2.Member States shall encourage the use of the standards or specifications referred to in paragraph 1 for the provision of services, technical interfaces or network functions, to the extent strictly necessary to ensure interoperability of services, end-to-end connectivity, facilitation of provider switching and portability of numbers and identifiers, and to improve freedom of choice for users.

In the absence of publication of standards or specifications in accordance with paragraph 1, Member States shall encourage the implementation of standards or specifications adopted by the European standardisation organisations.

In the absence of such standards or specifications, Member States shall encourage the implementation of international standards or recommendations adopted by the International Telecommunication Union (ITU), the European Conference of Postal and Telecommunications Administrations (CEPT), the International Organisation for Standardisation (ISO) and the International Electrotechnical Commission (IEC).

Where international standards exist, Member States shall encourage the European standardisation organisations to use them, or the relevant parts of them, as a basis for the standards they develop, except where such international standards or relevant parts would be ineffective.

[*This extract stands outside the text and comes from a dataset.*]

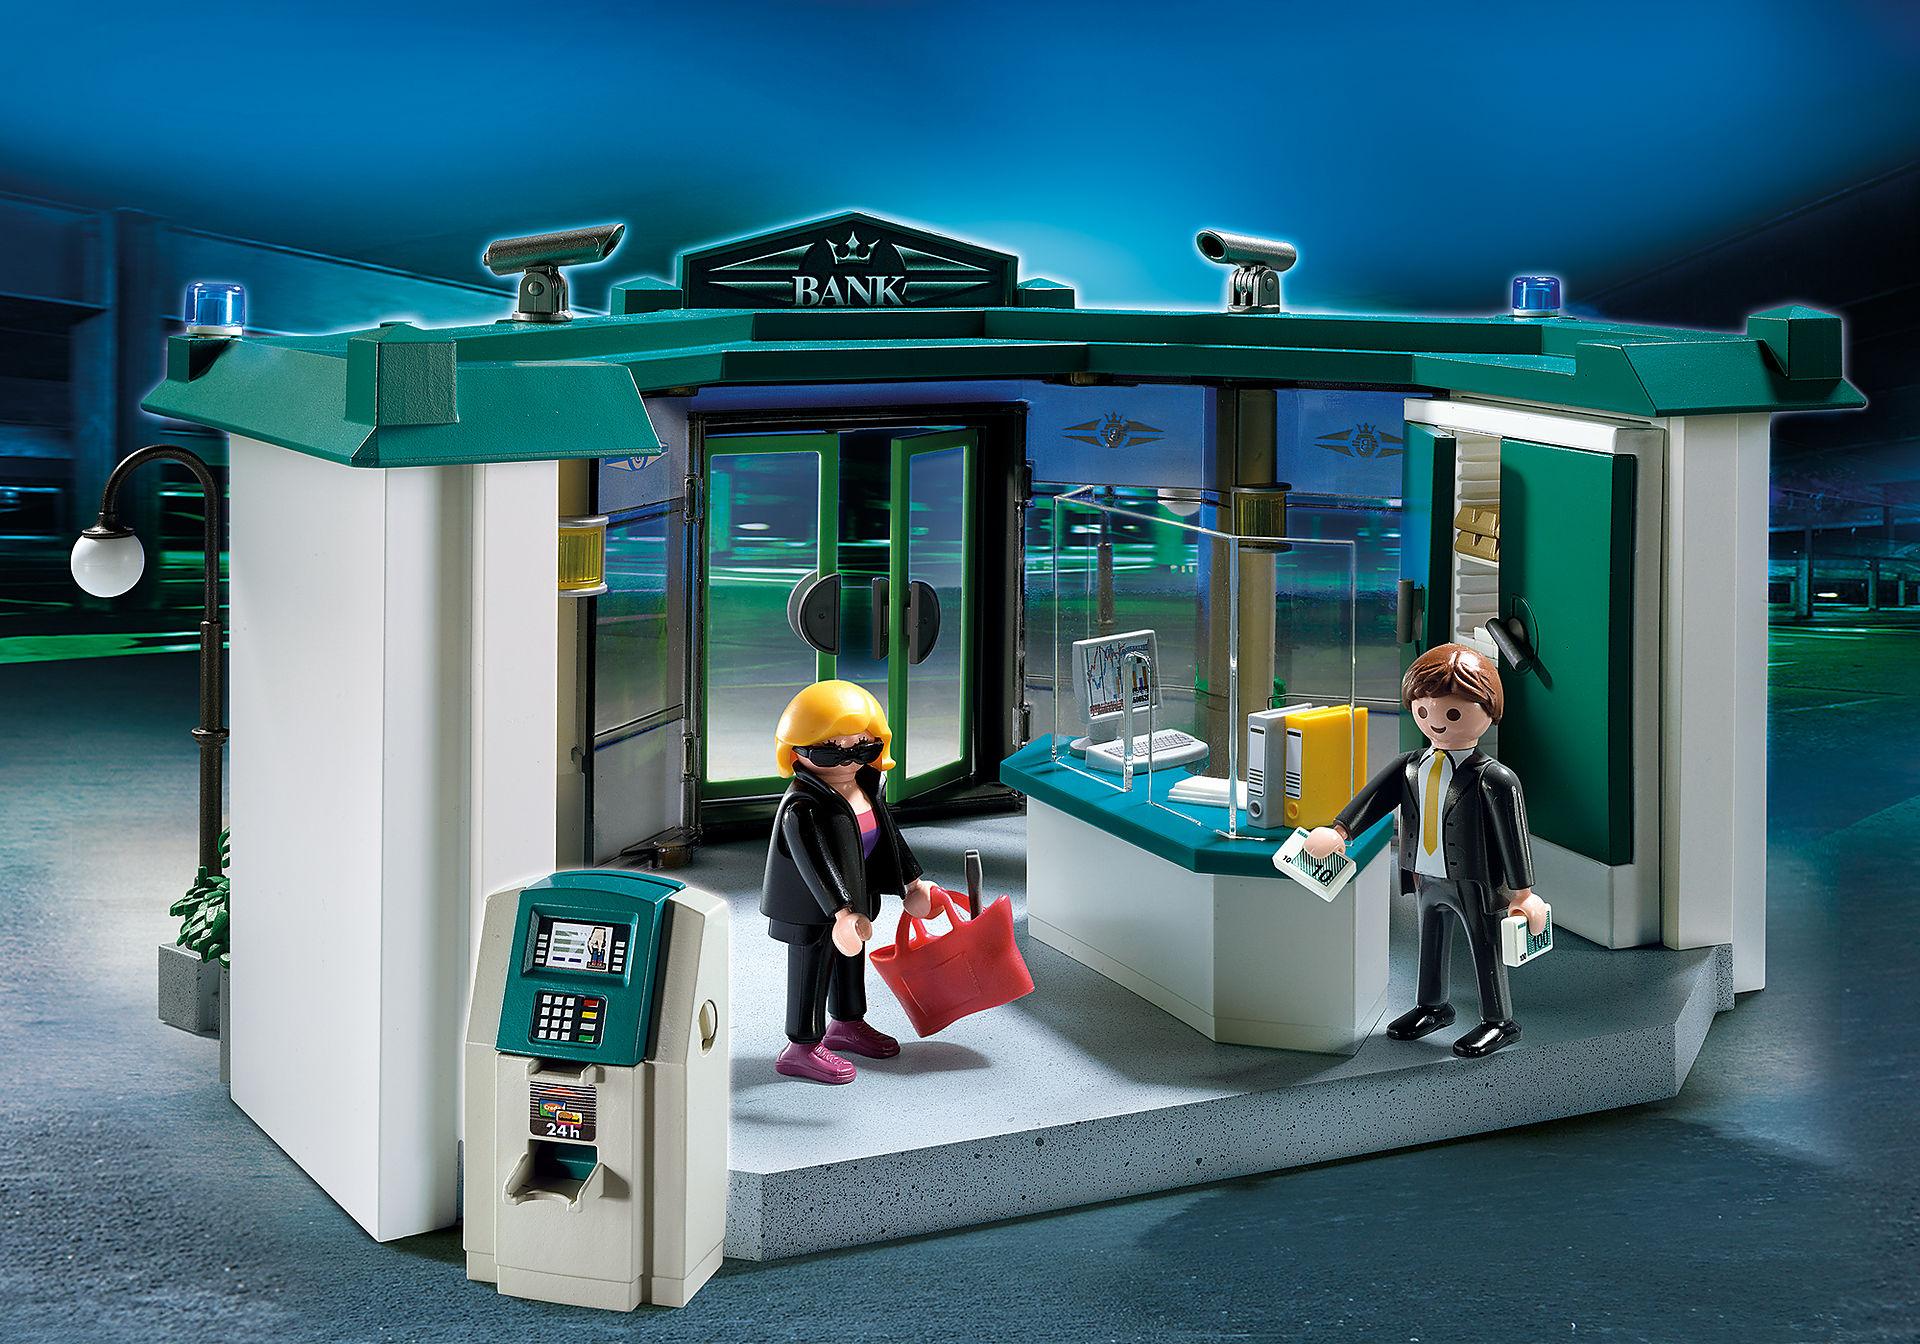 5177-A Bank mit Geldautomat zoom image1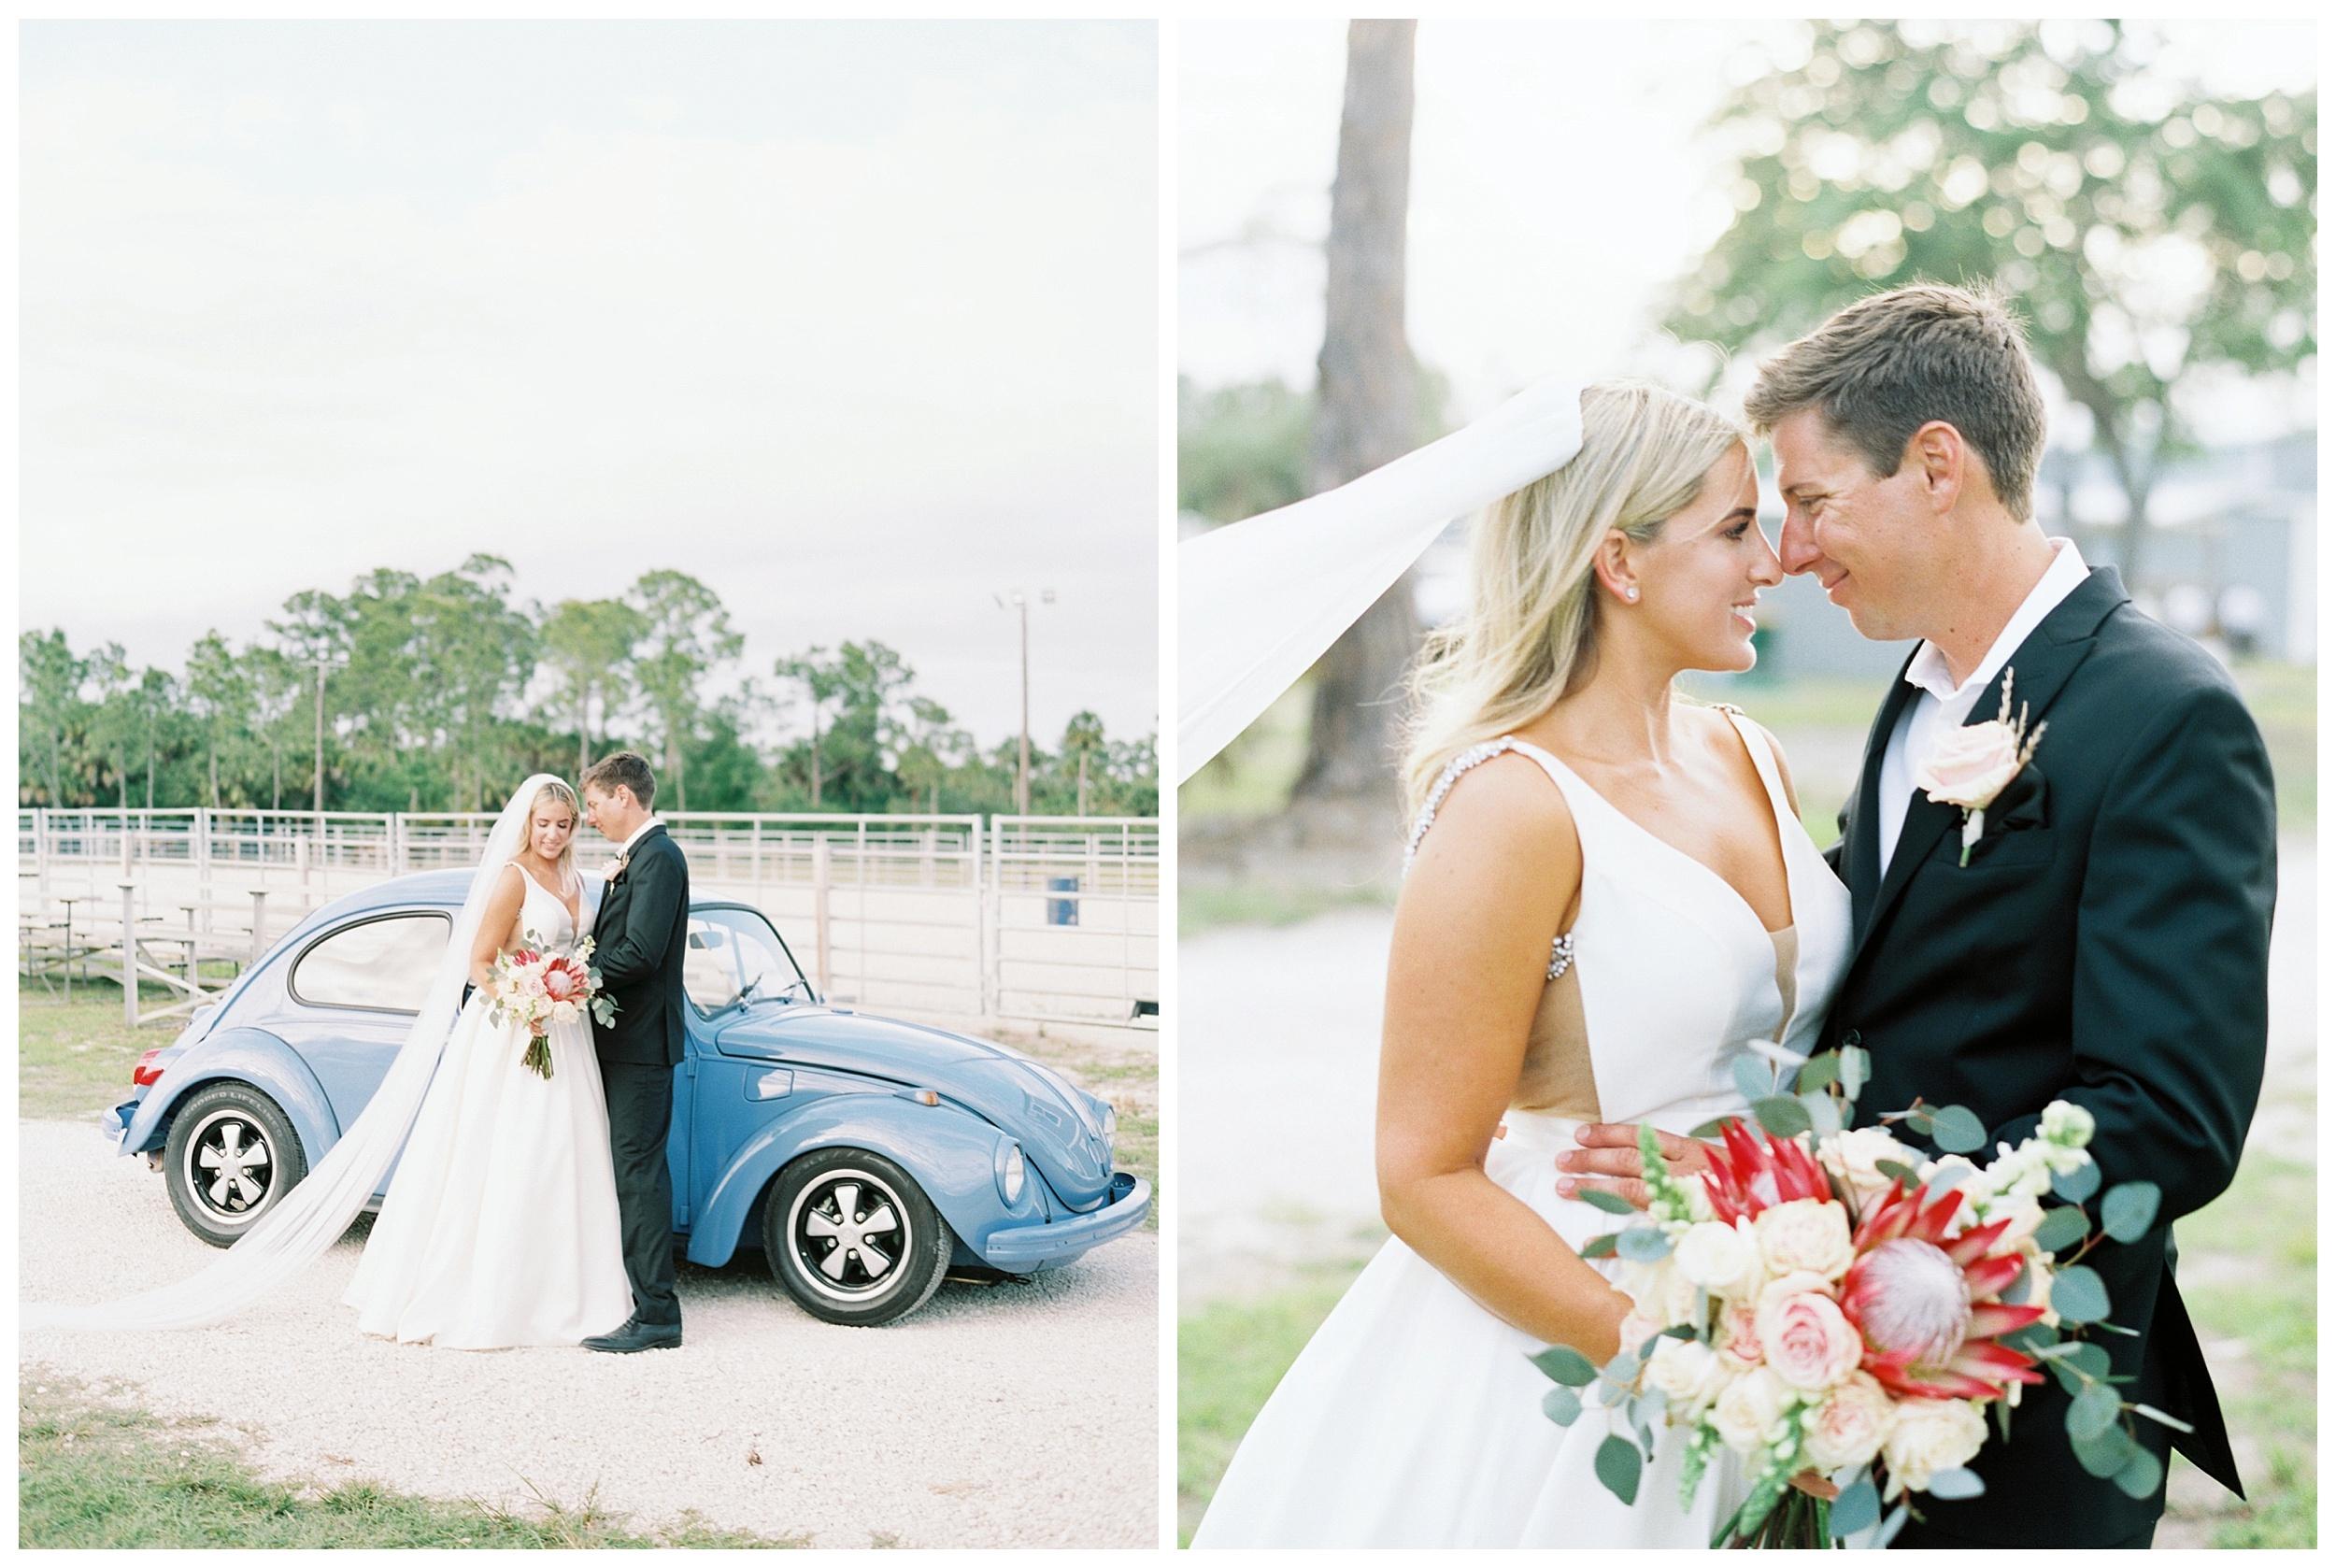 South Florida Wedding Photographer Kir Tuben_0091.jpg

Any standards or specifications referred to in paragraph 1 or in this paragraph shall not prevent access as may be required under this Directive, where feasible.

3.If the standards or specifications referred to in paragraph 1 have not been adequately implemented so that interoperability of services in one or more Member States cannot be ensured, the implementation of such standards or specifications may be made compulsory under the procedure laid down in paragraph 4, to the extent strictly necessary to ensure such interoperability and to improve freedom of choice for users.

4.Where the Commission intends to make the implementation of certain standards or specifications compulsory, it shall publish a notice in the Official Journal of the European Union and invite public comment by all parties concerned. The Commission shall, by means of implementing acts, make implementation of the relevant standards compulsory by making reference to them as compulsory standards in the list of standards or specifications published in the Official Journal of the European Union.

5.Where the Commission considers that the standards or specifications referred to in paragraph 1 no longer contribute to the provision of harmonised electronic communications services, no longer meet consumers’ needs or hamper technological development, it shall remove them from the list of standards or specifications referred to in paragraph 1.

6.Where the Commission considers that the standards or specifications referred to in paragraph 4 no longer contribute to the provision of harmonised electronic communications services, no longer meet consumers’ needs, or hamper technological development, it shall, by means of implementing acts, remove those standards or specifications from the list of standards or specifications referred to in paragraph 1.

7.The implementing acts referred to in paragraphs 4 and 6 of this Article shall be adopted in accordance with the examination procedure referred to in Article 118(4).

8.This Article does not apply in respect of any of the essential requirements, interface specifications or harmonised standards to which Directive 2014/53/EU applies.